I’d been sitting with that for hours. Or what I assumed were hours, since there were no clocks on this ship, no windows in any traditional sense, just the shifting glow of the walls pulsing their slow, patient rhythm.

I’d eaten more of the purple fish. Drunk more water.

Sat on the couch and stared at the translucent partition where the creature’s half of the ship flickered with deep blue light, and I’d turned that sentence over in my head until the words stopped meaning anything.

His ocean. I was in his ocean. Did he think that made me his property?

I fell asleep at some point. I didn’t mean to.

My body just decided to shut itself off, and I woke up curled on the couch with a crick in my neck and no idea how much time had passed.

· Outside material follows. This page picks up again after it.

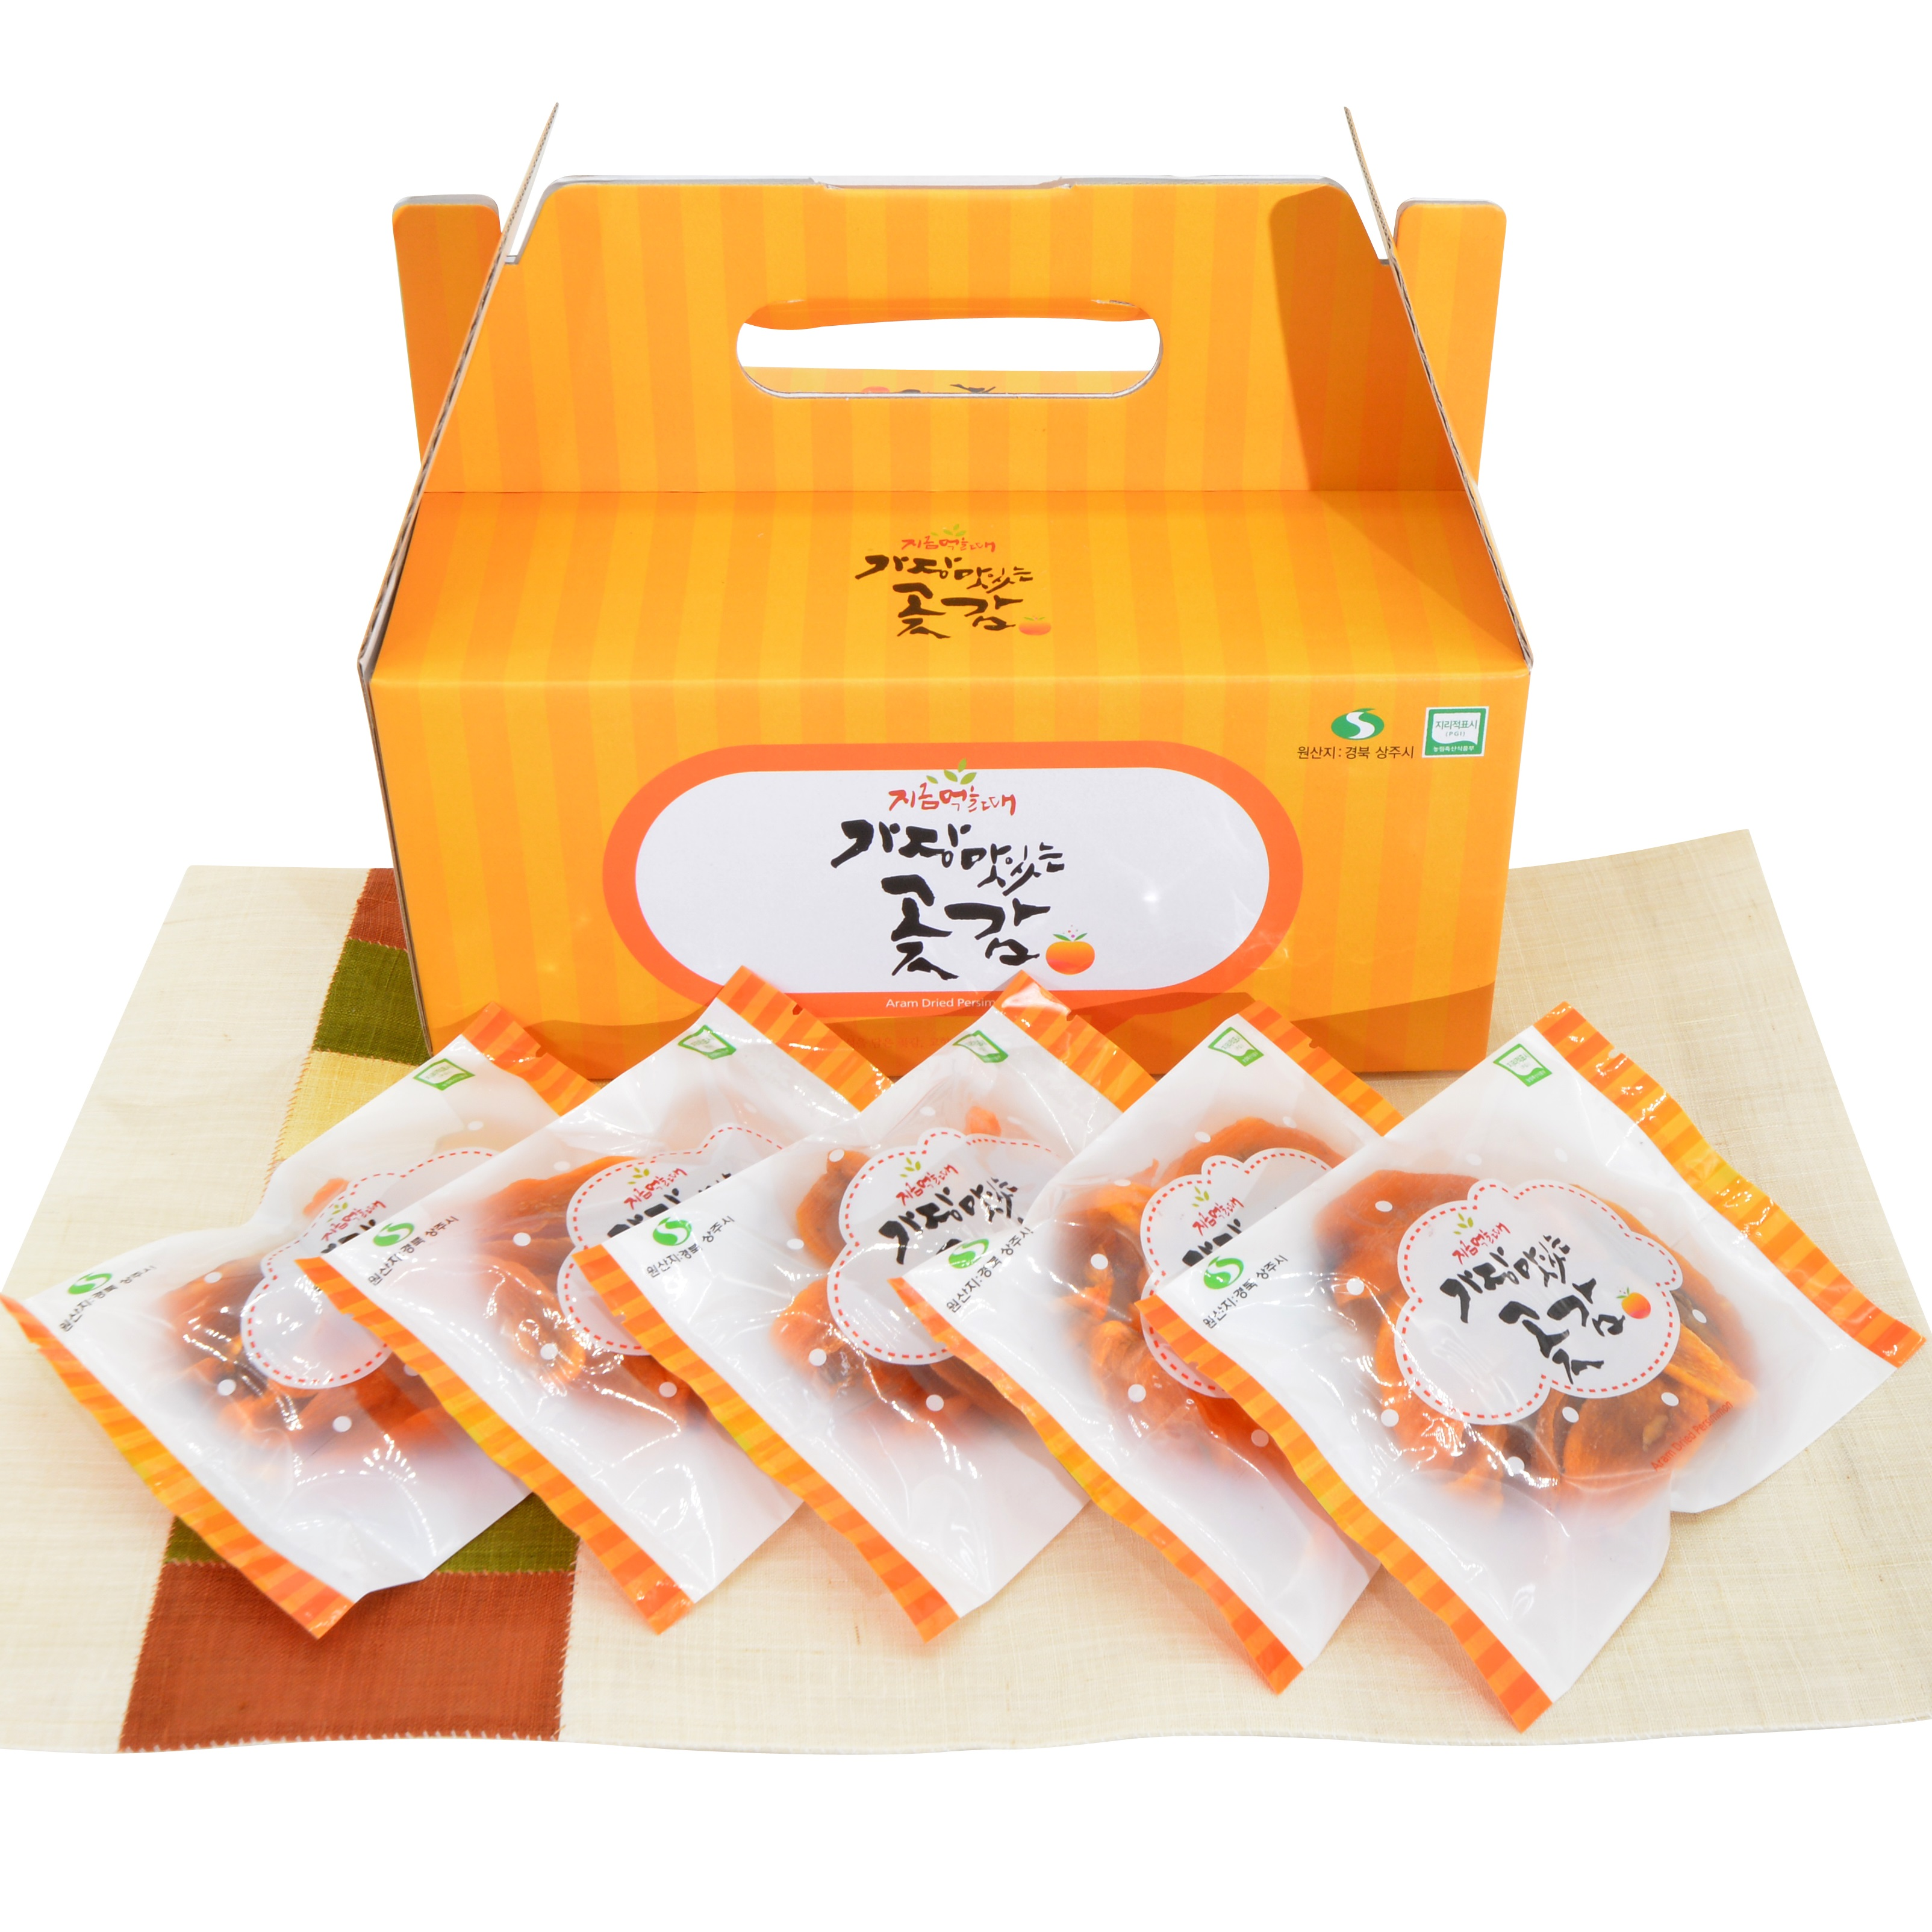 하루한봉 대봉 감말랭이 세트[1박스]
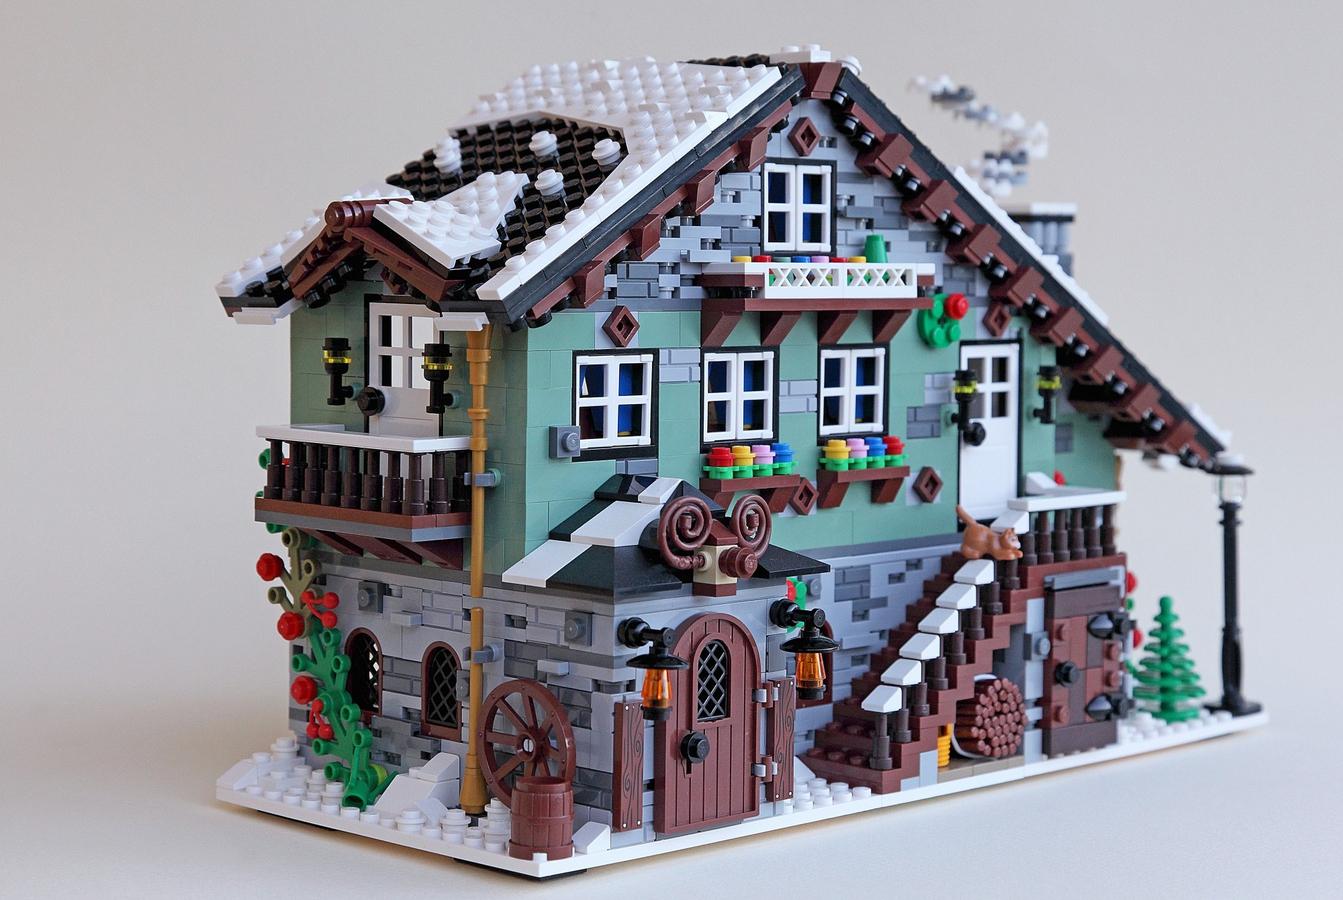 lego-ideas-winter-chalet-sdrnet-2019-2 zusammengebaut.com

Through the translucent sections of the hull I could see darkness outside.

Wherever we were, it was night, and the ship’s glow was no longer competing with daylight.

It was beautiful.

The ship came alive in the dark in a way that daylight had muted. Every surface pulsated and shimmered, patterns of light cascading in slow waves that moved from bow to stern, cycling through shades of blue and violet. It looked like the inside of a living thing. It looked like being swallowed.

Then I felt it.

A shift in the ship’s movement, a subtle downward tilt and the hum of the engines changing pitch.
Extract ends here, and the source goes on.